Festivals and Holy Days

 

High Holy Days

Rosh Hashanah and Yom Kippur – New Year and the Day of Atonement. These days are known collectively as ‘the days of awe’ or more commonly ‘the high holy days’. They are days set aside for reflection and self-improvement.

Rosh Hashanah

This is the day when G-d judges the world. It is celebrated as the anniversary of the creation. It is a serious time when we ask G-d to ‘inscribe us in the book of life’. Rosh Hashanah lasts for two days and the services in the synagogue are longer than an ordinary Shabbat. Practising Jewish people do not work on these days.
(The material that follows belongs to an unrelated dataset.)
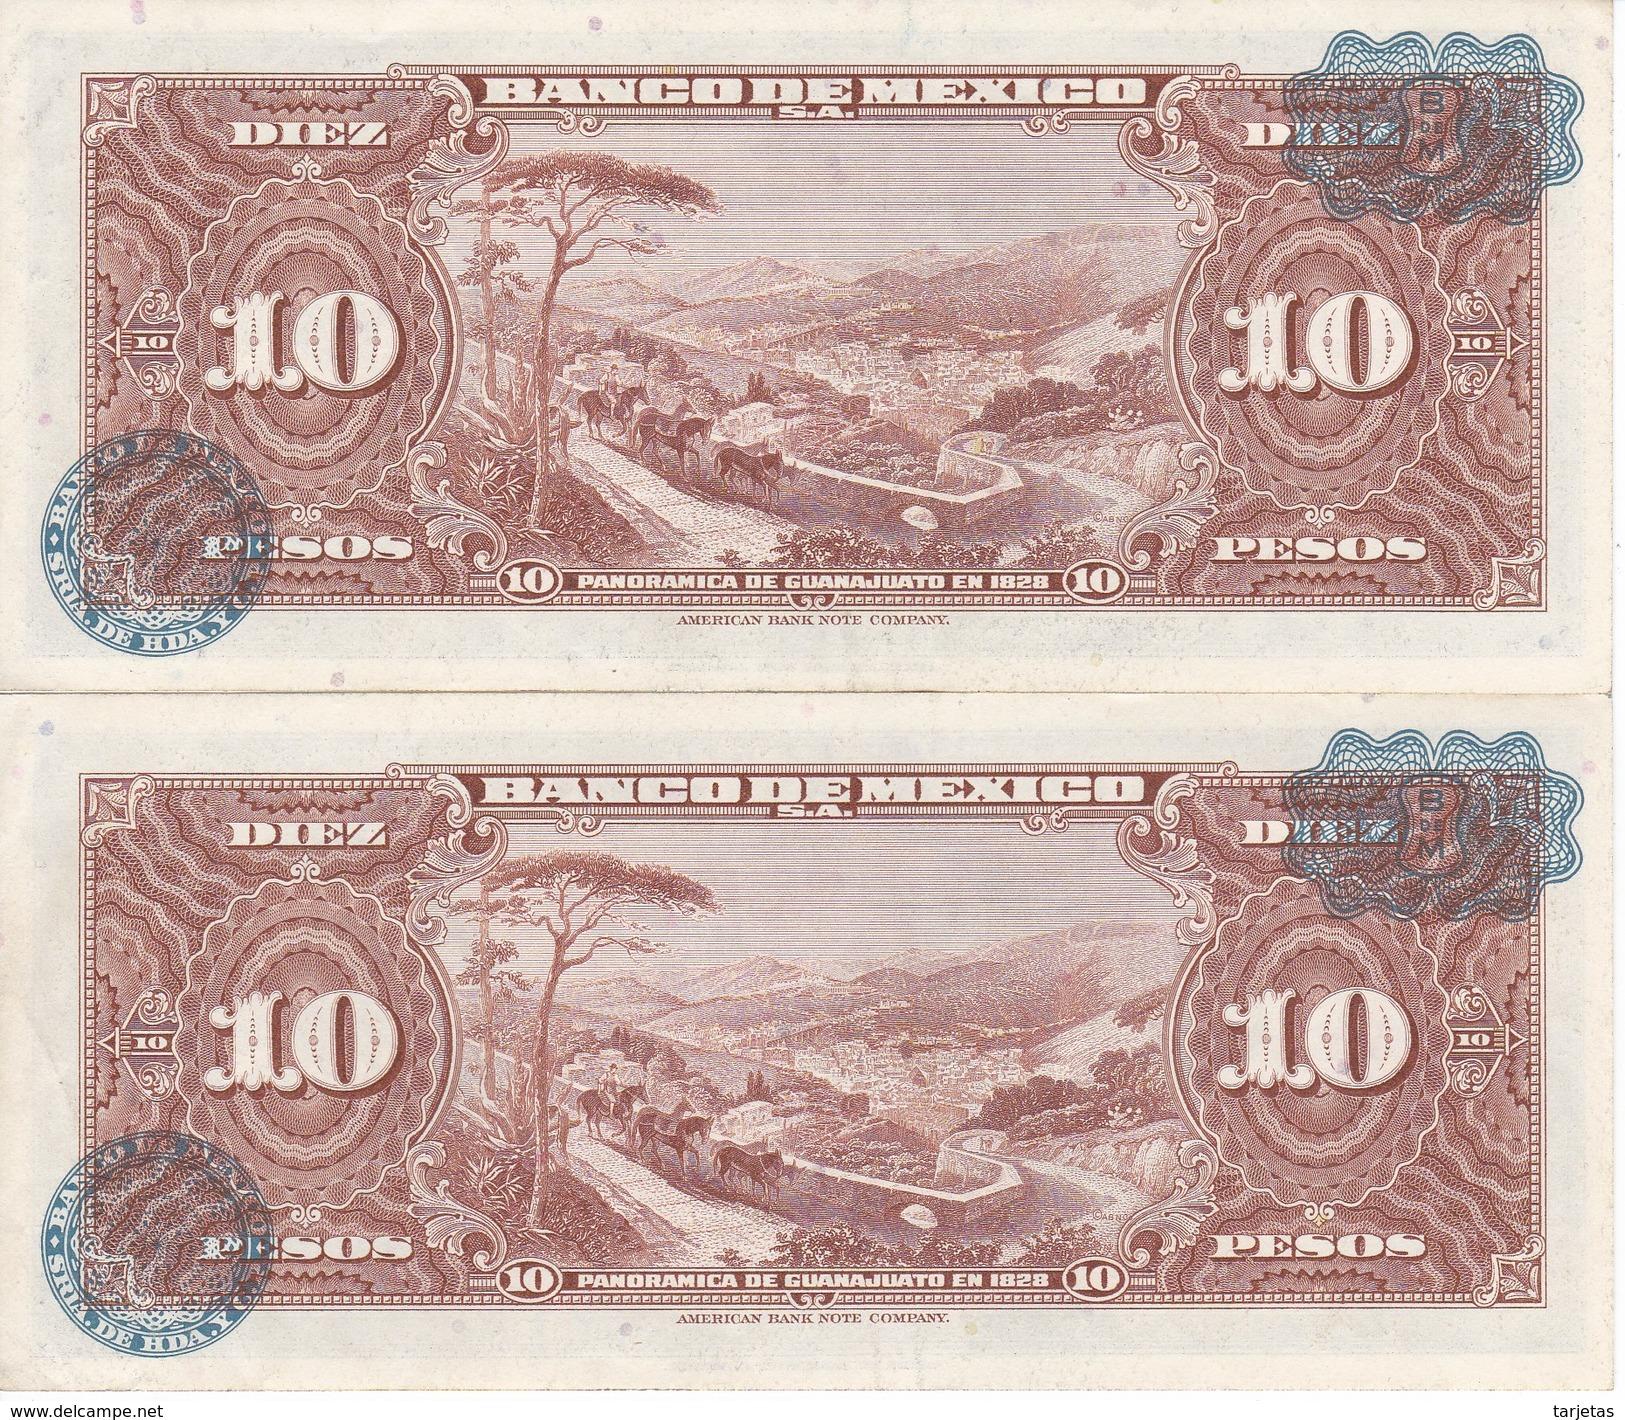 PAREJA CORRELATIVA DE MEXICO DE 10 PESOS DEL AÑO 1965 CALIDAD EBC (XF)  (BANKNOTE) - México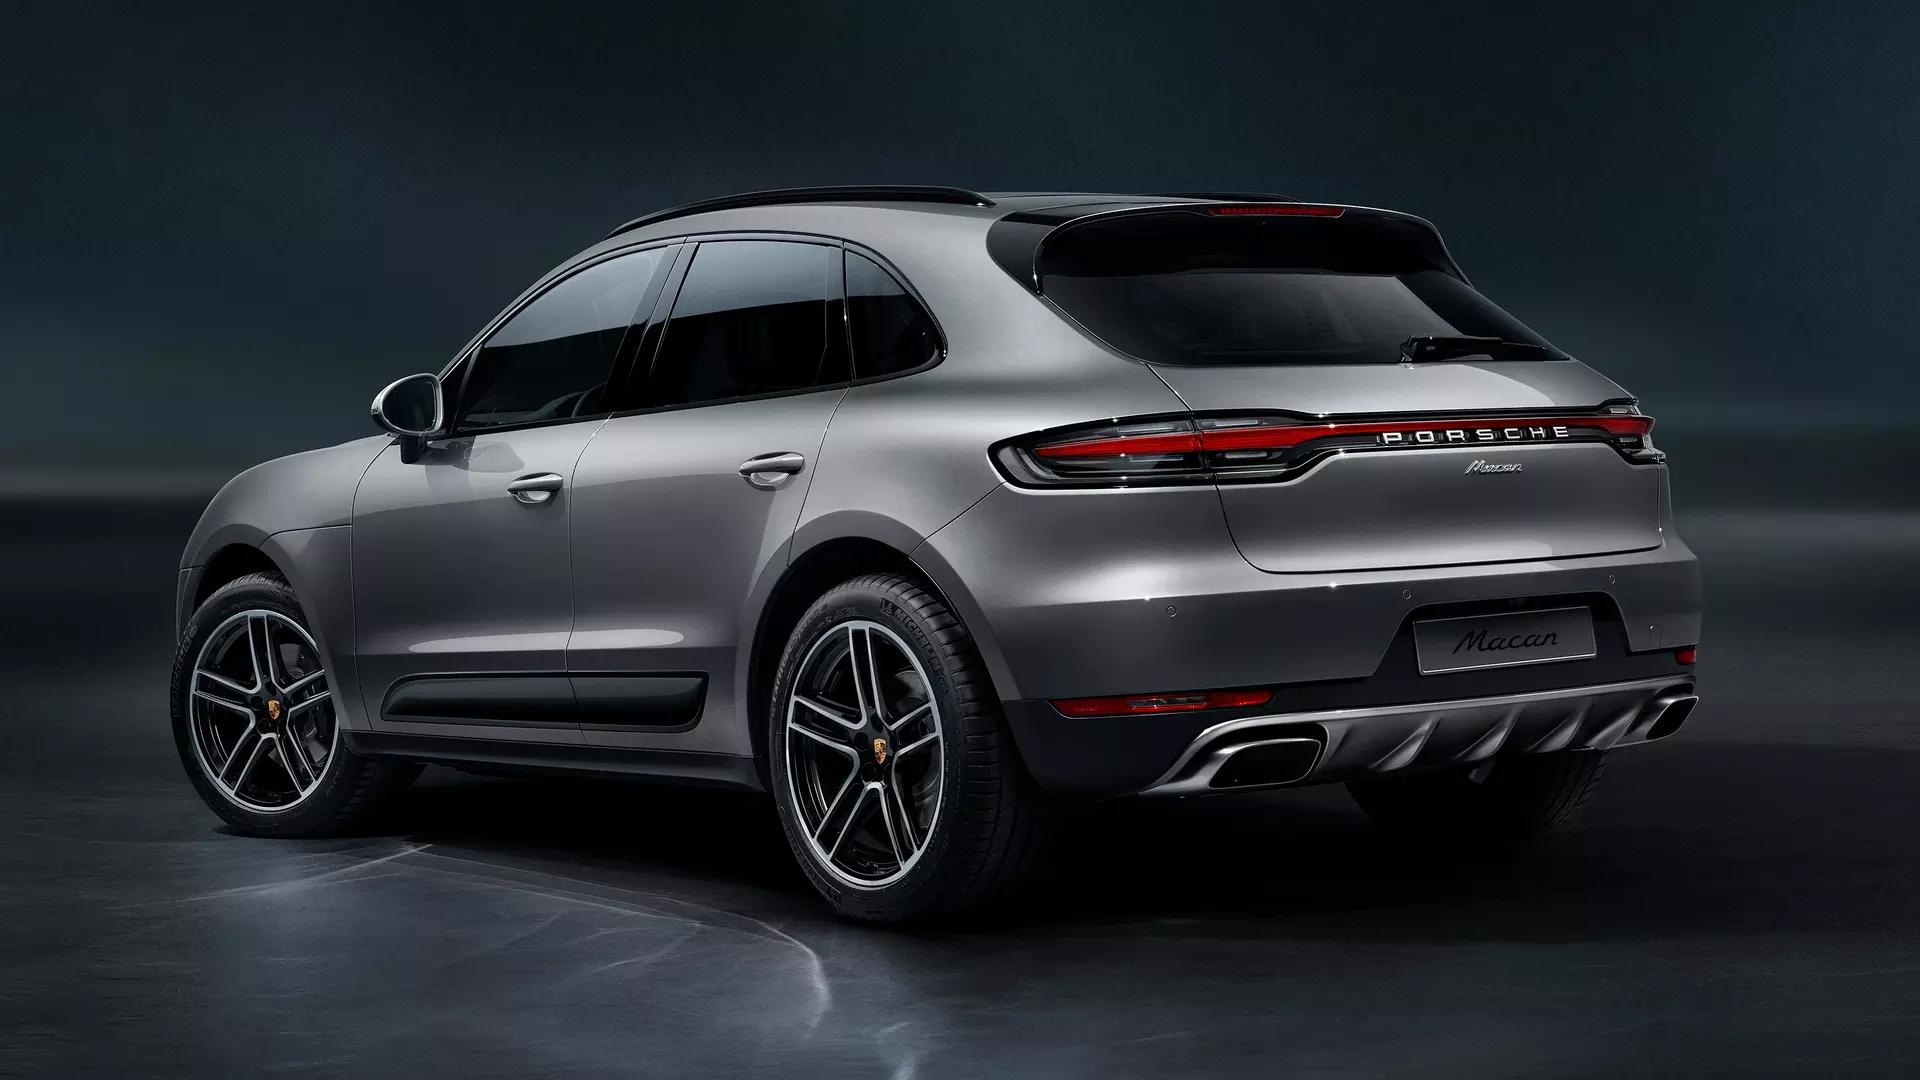 2019 Porsche Macan Rear Exterior

Many people, including some who do not attend synagogue regularly, make an effort to go on these holy days.

Yom Kippur

yom-kippur

On this day there is a 25 hour fast where no food or drink is permitted to males over 13 or females of 12 years and over. The entire day is spent in the synagogue in prayer, asking G-d for forgiveness for any wrong we may have done over the last year. This day is probably the most observed in the entire Hebrew calendar.

Succot - Tabernales

succot-tabernacles

The festival takes place five days after Yom Kippur. The Bible tells us to live in temporary huts as a reminder of the Israelites’ travels from Egypt to Israel through the desert.  The festival lasts for seven days and is seen as a period of great joy. If school days fall during the festival the children will experience the Sukkah and the Arba’ah Minim (four Species)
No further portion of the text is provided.